The rotation lock bar 23 is provided on the left side in the door body 7. One end of the rotation lock bar 23 is disposed adjacently along the rotational direction of the opening/closing lever 24, and the other end thereof is disposed adjacently to the rotation lock bar 13. When the one end of the rotation lock bar 23 is pushed up by counterclockwise rotation of the opening/closing lever 24, it rotates clockwise around the rotation support section 25. Under this rotation, the one end of the rotation lock bar 23 makes contact with the rotation lock bar 13. As a result, the rotation lock bar 23 inhibits the rotation lock bar 13 from clockwise rotating.

The opening/closing lever 14 is provided on the right side in the door body 7. By rotating counterclockwise from the stoppage position to a predetermined position, the opening/closing lever 14 moves the rotating shaft 11 downward and moves the rotating shaft 12 upward, to thereby release engagement between the rack body 2 and the respective bearing sections 6, and accommodate the rotating shafts 11 and 12 within the door body 7. When the operator pulls forward the opening/closing lever 14, the door body 7 can be opened from the left side as viewed from the operator side. The opening/closing lever 14 also depresses the rotation lock bar 13.

The opening/closing lever 14 has a lock mechanism. When the opening/closing lever 14 rotates counterclockwise and performs locking operation at a prediction position, the rotation lock bar 13 and the rotating shafts 11 and 12 are locked together.

When the door is to be closed, the operator accommodates the door 3 within the rack body 2, and then returns the opening/closing lever 14 to the stoppage position. As a consequence, the rotating shaft 11 connected to the opening/closing lever 14 moves upward, and the rotating shaft 12 connected thereto moves downward, whereby they are engaged with the respective bearing sections 6 in the rack body 2.

FIG. 4 is a diagram of a locking mechanism of an opening/closing lever of the door according to the first embodiment. And FIG. 4 shows a well-known example of the locking mechanism.

The locking mechanism of the opening/closing lever 14 is constituted by a lock lever 42 provided on a handle 41, and grooves 43 in a flange section 44 provided in the door body 7.

When a front end of the lock lever 42 is engaged with the grooves 43, rotation of the handle 41 is locked. On the other hand, when the lock lever 42 is depressed and the engagement between the front end and the grooves 43 is released, rotation of the handle 41 is unlocked. Broken line regarding the lock lever 42 in FIG. 4 shows a state where the rotation is unlocked, while a solid line shows a state where the rotation is locked.

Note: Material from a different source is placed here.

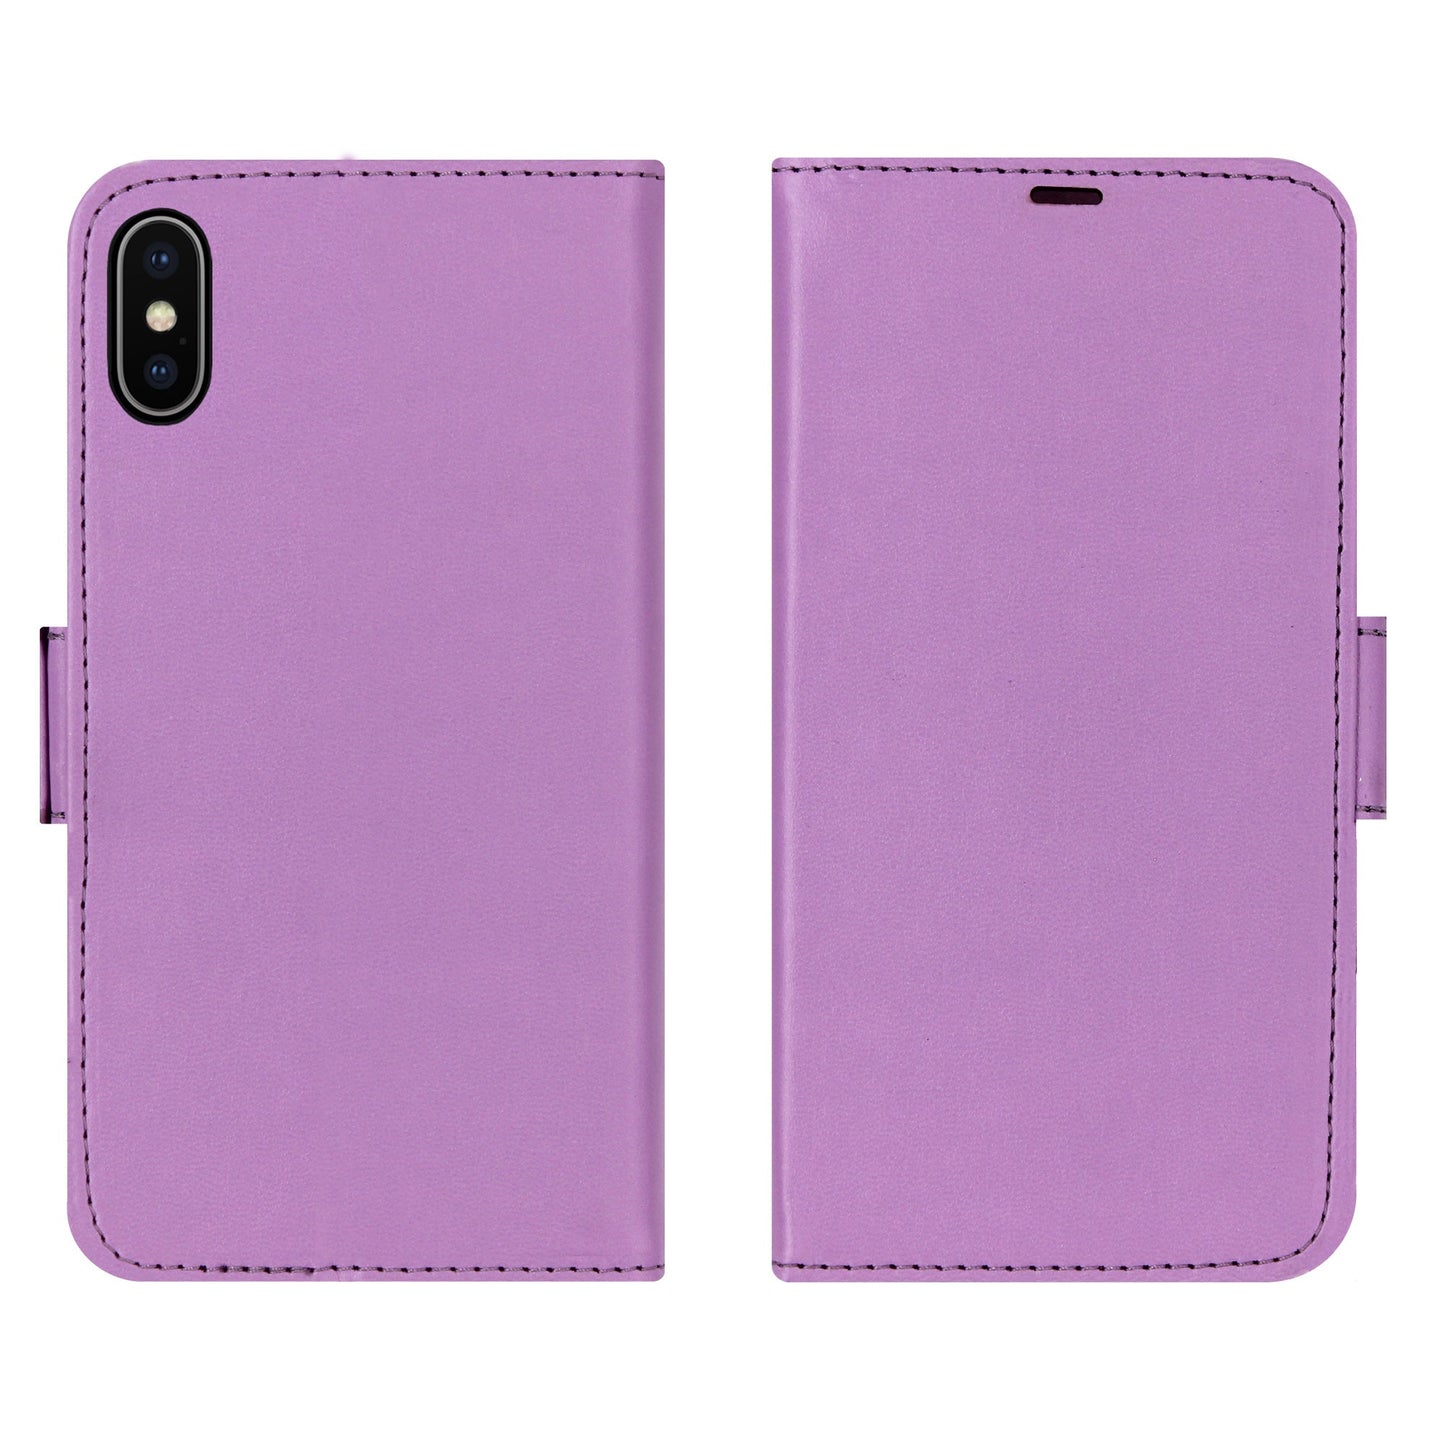 Uni Violett Victor Case für iPhone X/XS

Now, operations of the opening/closing lever 14 will be described.

In order to open the door 3, firstly in the stoppage position, when the operator grasps the handle 41 while depressing the lock lever 42, lock is released. In this state, when the operator rotates the handle 41 in the clockwise direction as viewed from the operator side from the stoppage position to a predetermined position, and then releases the lock lever 42, the front end of the lock lever 42 is engaged with the grooves 43 in the flange section 44, and the handle 41 is locked. Now this is a state allowing the door 3 to be opened.

On the other hand, in order to close the door 3, the operator grasps the handle 41 while depressing the lock lever 42, and rotates back the handle 41 in the counterclockwise direction as viewed from the operator from the predetermined position to the stoppage position. Then, upon releasing the lock lever 42, the front end of the lock lever 42 is engaged with the grooves 43 in the flange section 44, and the handle 41 is locked.

Now, description is returned to the explanation with reference to FIG. 3.

The opening/closing lever 24 is provided on the left side in the door body 7. By rotating counterclockwise from the stoppage position to the predetermined position, the opening/closing lever 24 moves the rotating shaft 21 downward and moves the rotating shaft 22 upward, to thereby release engagement between the rack body 2 and the respective bearing sections 6, and accommodate the rotating shafts 21 and 22 within the door body 7. When the operator pulls forward the opening/closing lever 24, the door body 7 can be opened from the right side as viewed from the operator side. The opening/closing lever 24 also pushes up the rotation lock bar 23.

The opening/closing lever 24 has a lock mechanism. When the opening/closing lever 24 rotates counterclockwise and performs locking operation at a prediction position, the rotating shafts 21 and 22 and the rotation lock bar 23 are locked together.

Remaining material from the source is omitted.